- [Your instructions]: Exclude the pictures, then repeat the remaining data exactly.

- [Recorded information]:
——

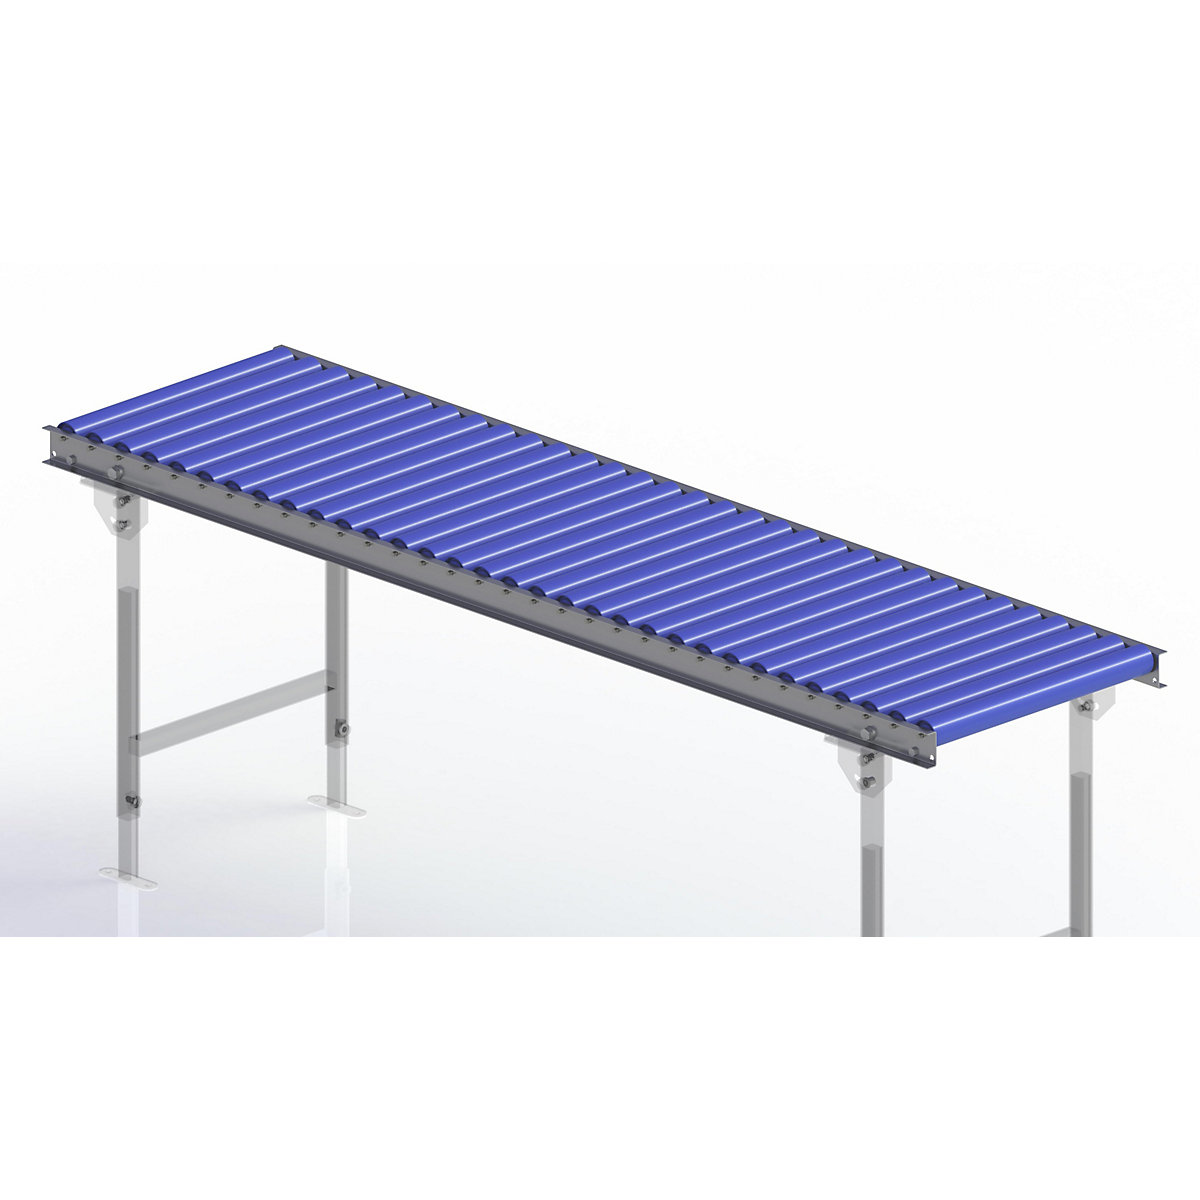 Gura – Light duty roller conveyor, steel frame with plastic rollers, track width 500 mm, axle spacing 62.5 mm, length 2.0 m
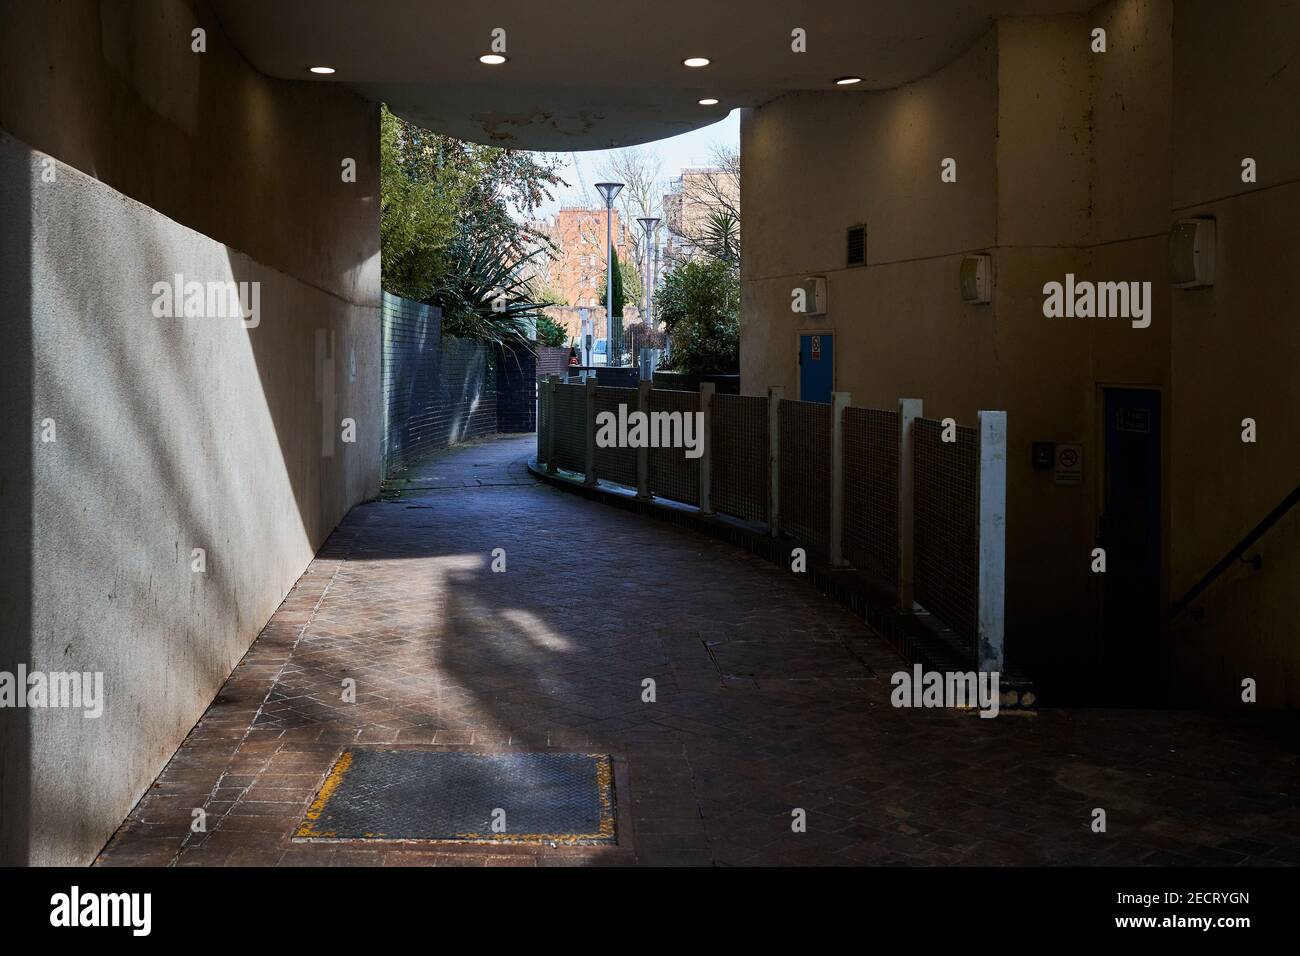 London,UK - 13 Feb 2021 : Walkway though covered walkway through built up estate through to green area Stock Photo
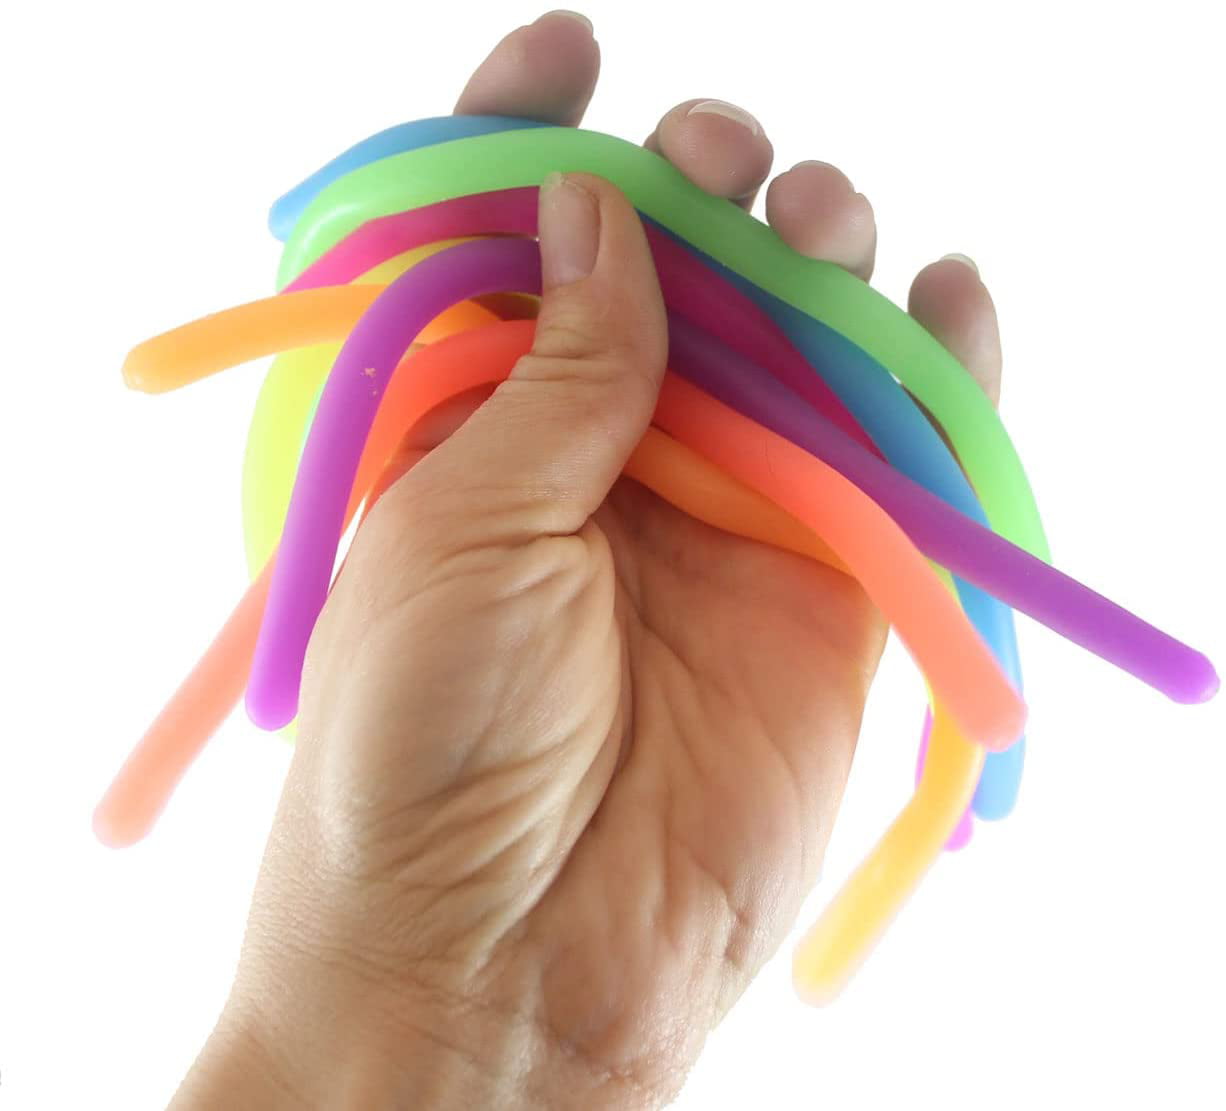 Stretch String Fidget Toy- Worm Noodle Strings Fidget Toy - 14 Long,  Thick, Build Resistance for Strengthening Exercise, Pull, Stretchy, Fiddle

——

- [Answer space]:
 Gura – Light duty roller conveyor, steel frame with plastic rollers, track width 500 mm, axle spacing 62.5 mm, length 2.0 m
 London,UK - 13 Feb 2021 : Walkway though covered walkway through built up estate through to green area Stock Photo
 Stretch String Fidget Toy- Worm Noodle Strings Fidget Toy - 14 Long,  Thick, Build Resistance for Strengthening Exercise, Pull, Stretchy, Fiddle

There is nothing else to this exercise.